### Data excerpt
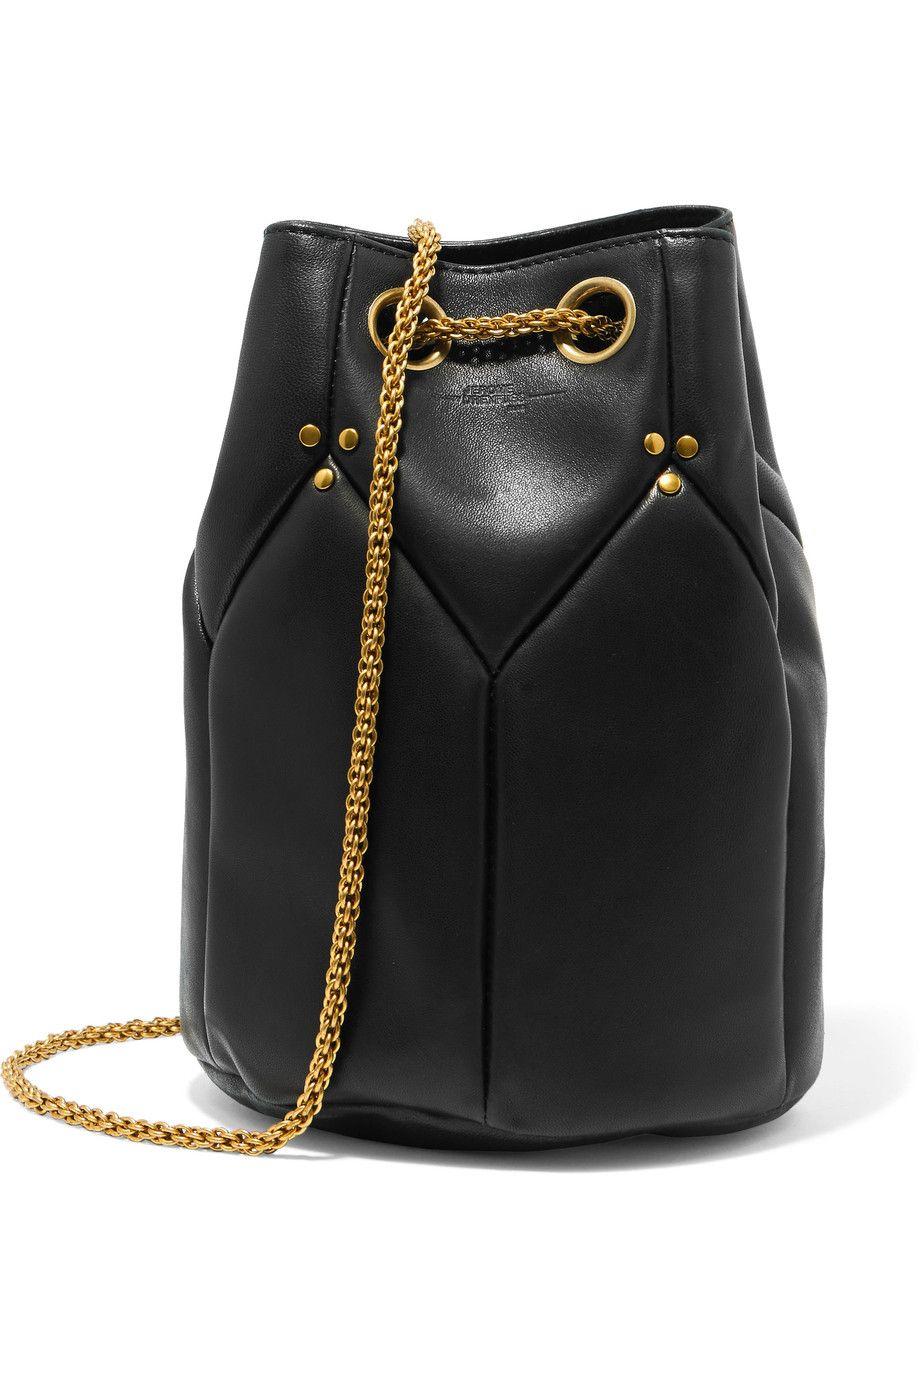 039737f968 JÉRÔME DREYFUSS .  jérômedreyfuss  bags  shoulder bags  leather  bucket
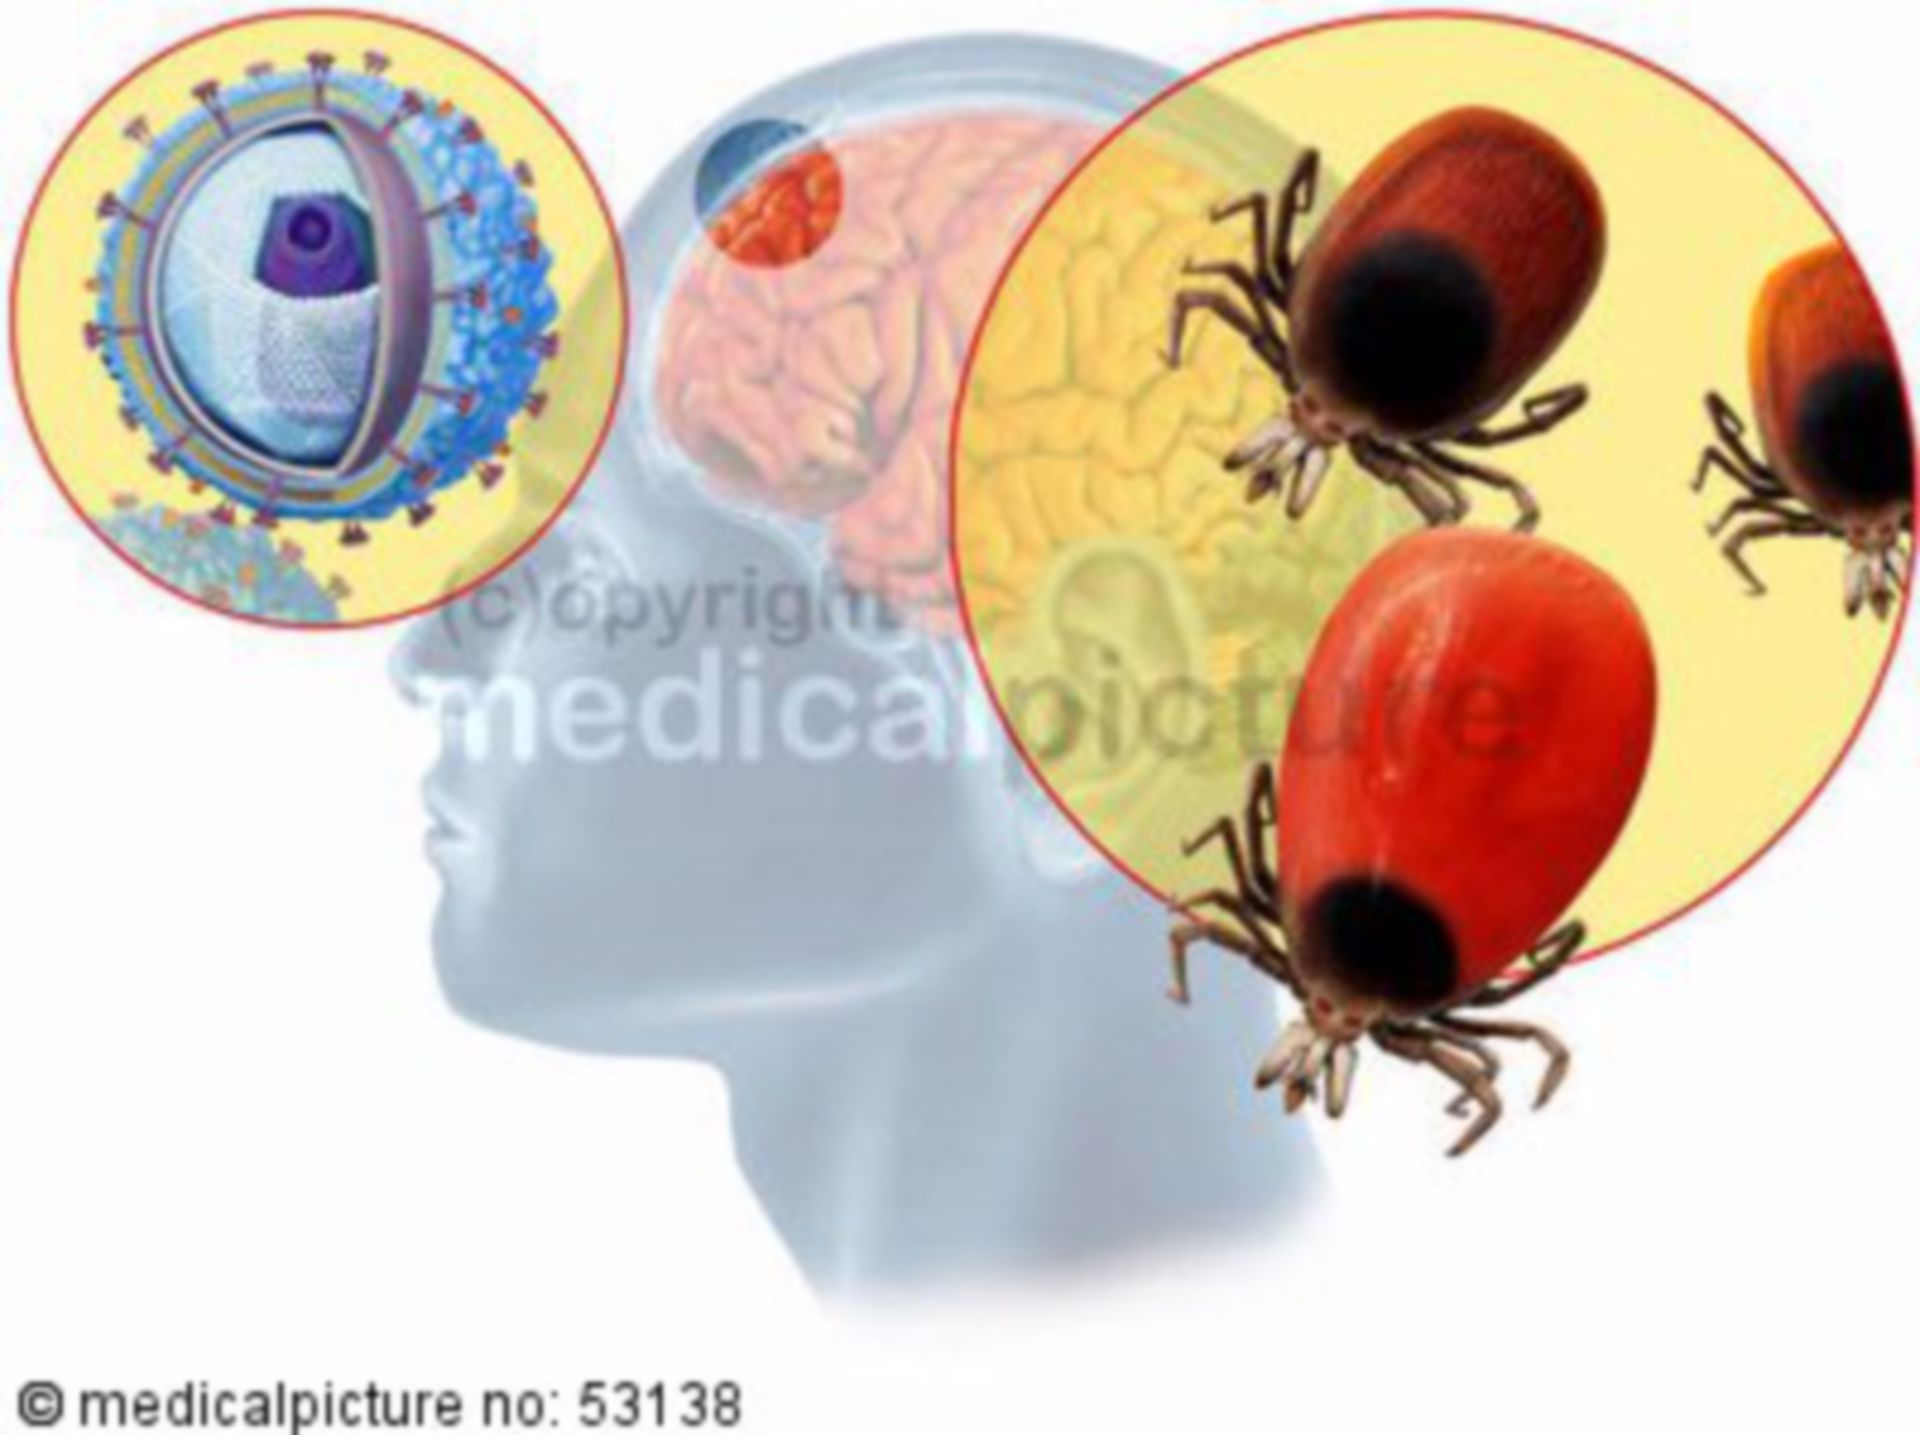 Tick-borne encephalitis (TBE)
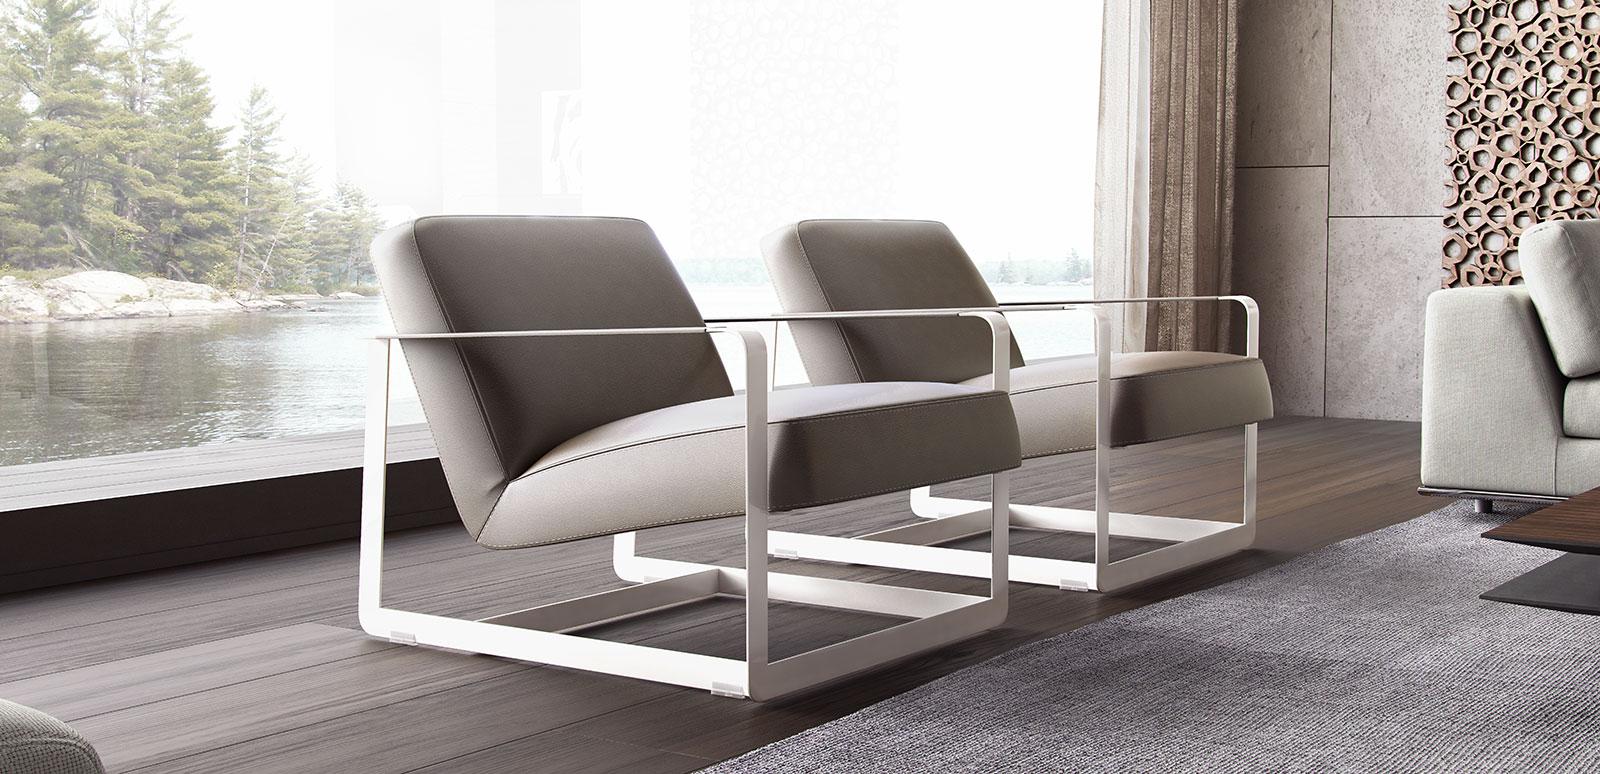 Terrific Crosby Lounge Chair Castle Gray By Modloft Machost Co Dining Chair Design Ideas Machostcouk
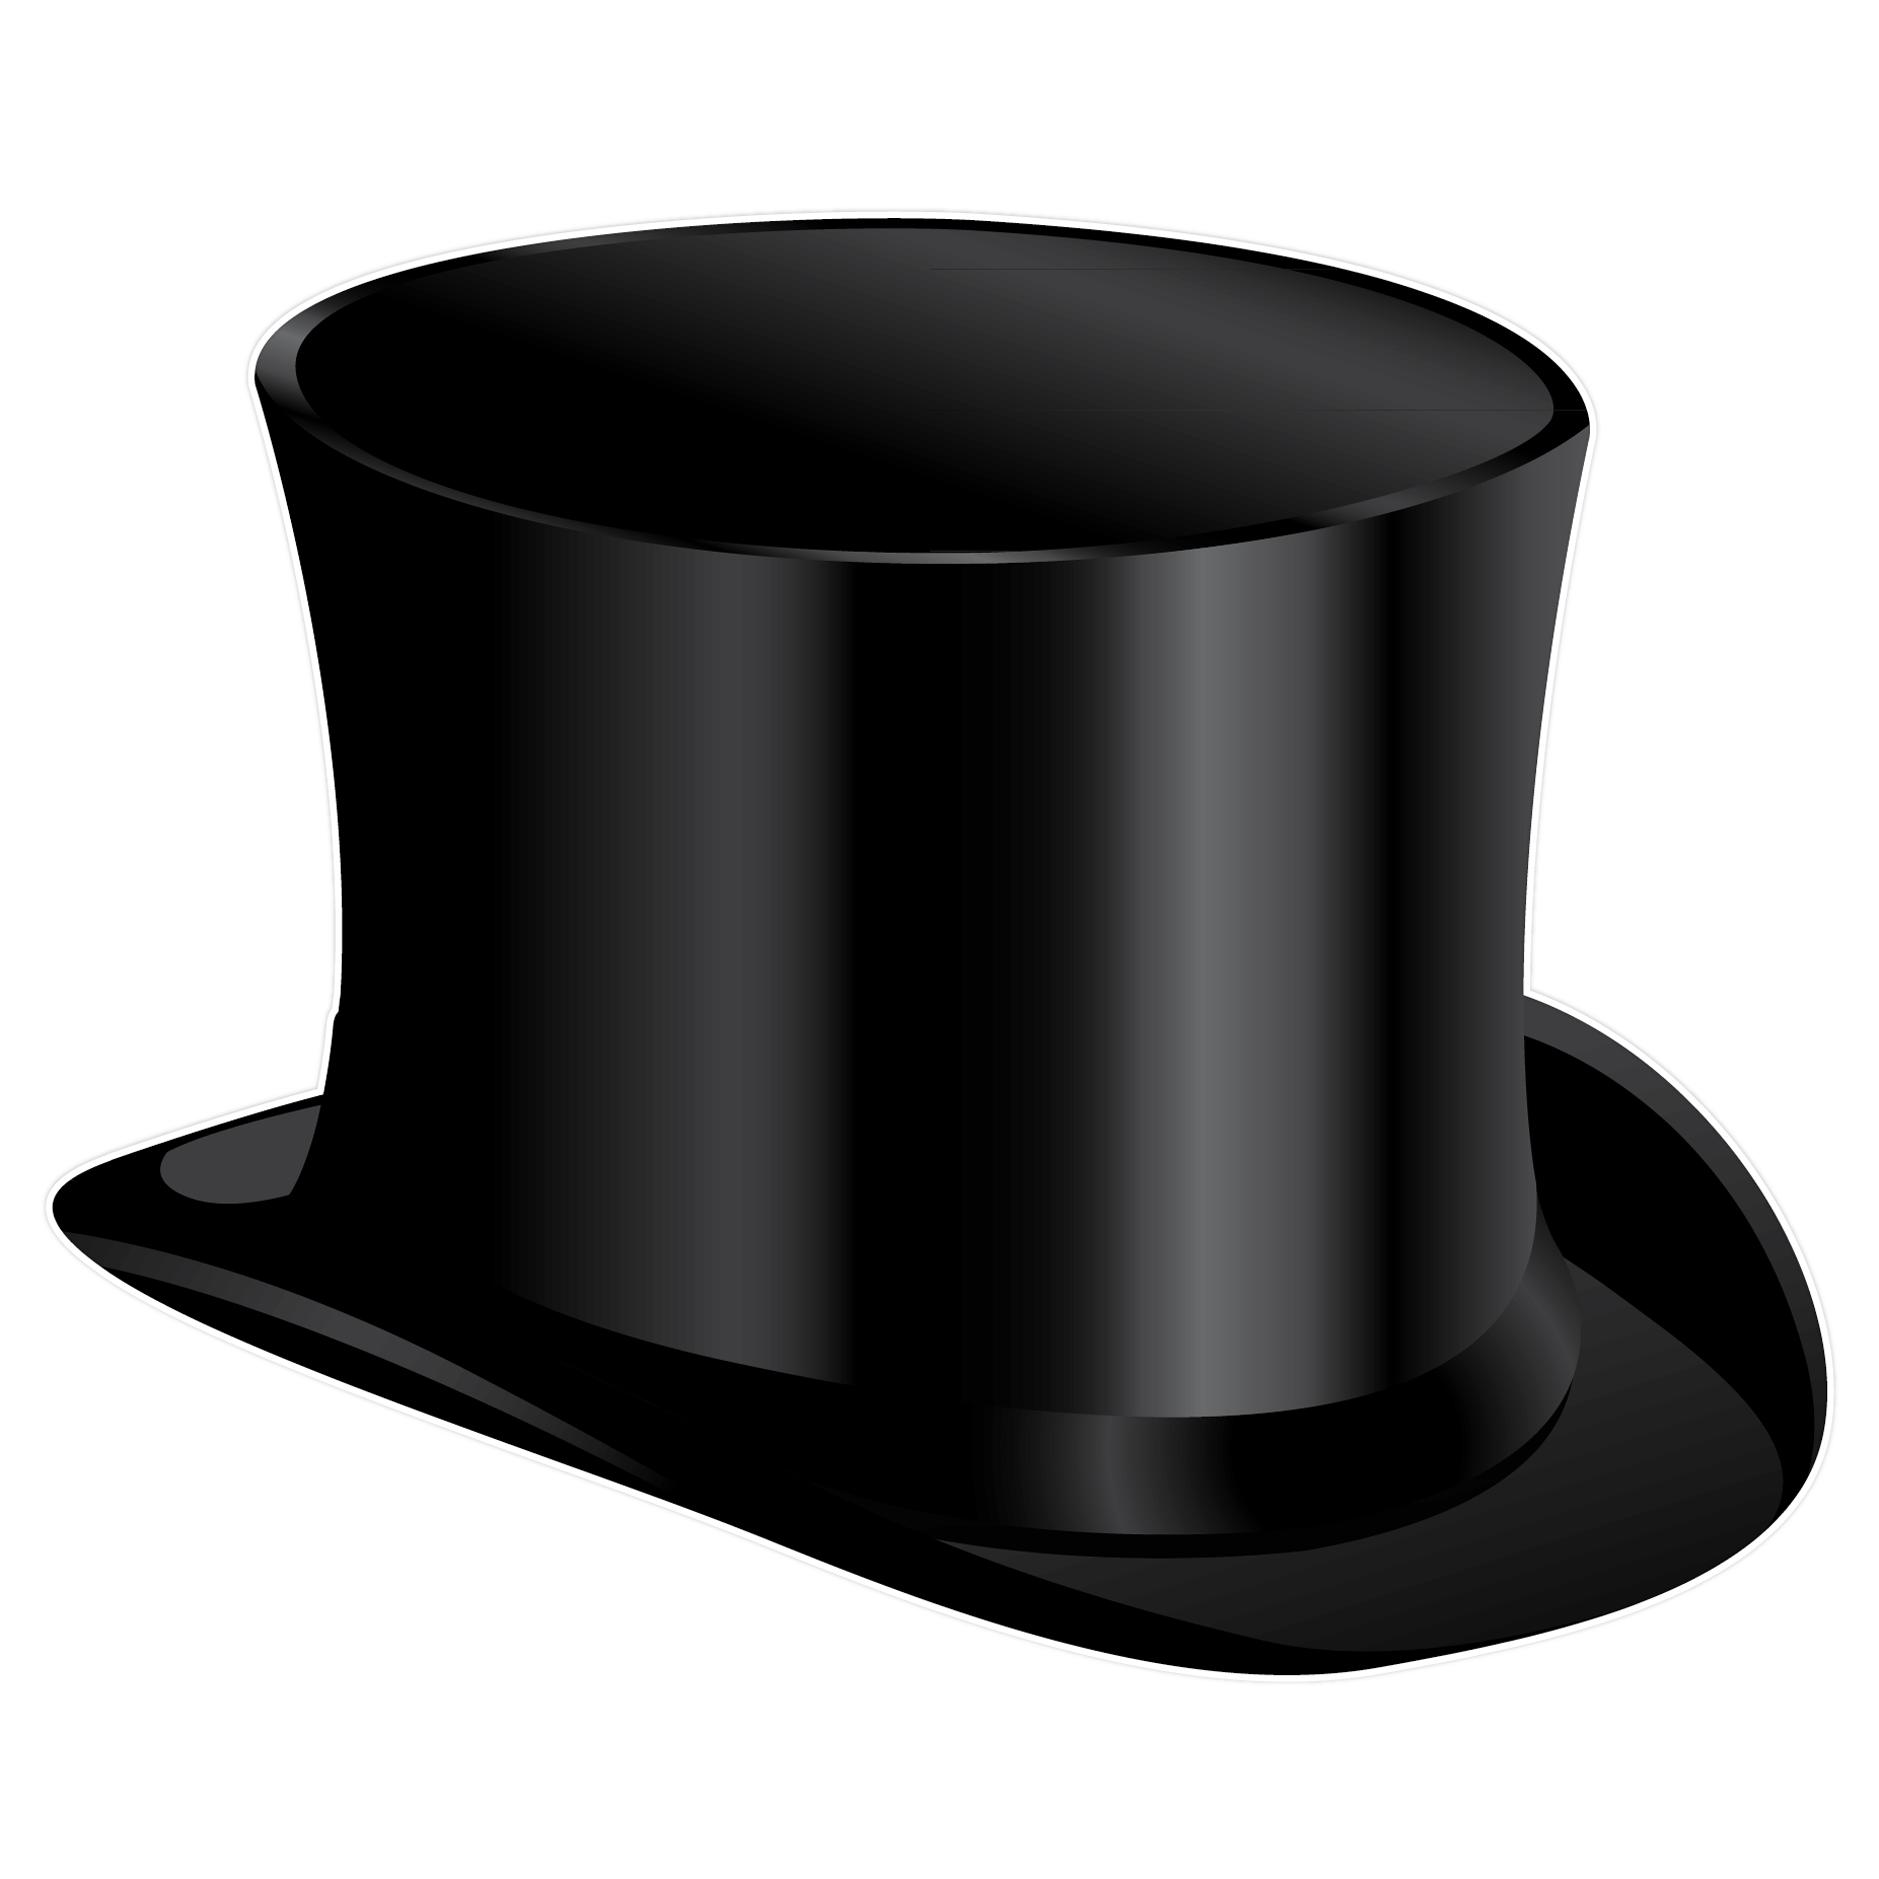 1879x1879 Best Top Hat Outline

### Task prompt
Set down each line of the material exactly and skip every image.

### Output of the task
 039737f968 JÉRÔME DREYFUSS .  jérômedreyfuss  bags  shoulder bags  leather  bucket
 Tick-borne encephalitis (TBE)
 Terrific Crosby Lounge Chair Castle Gray By Modloft Machost Co Dining Chair Design Ideas Machostcouk
 1879x1879 Best Top Hat Outline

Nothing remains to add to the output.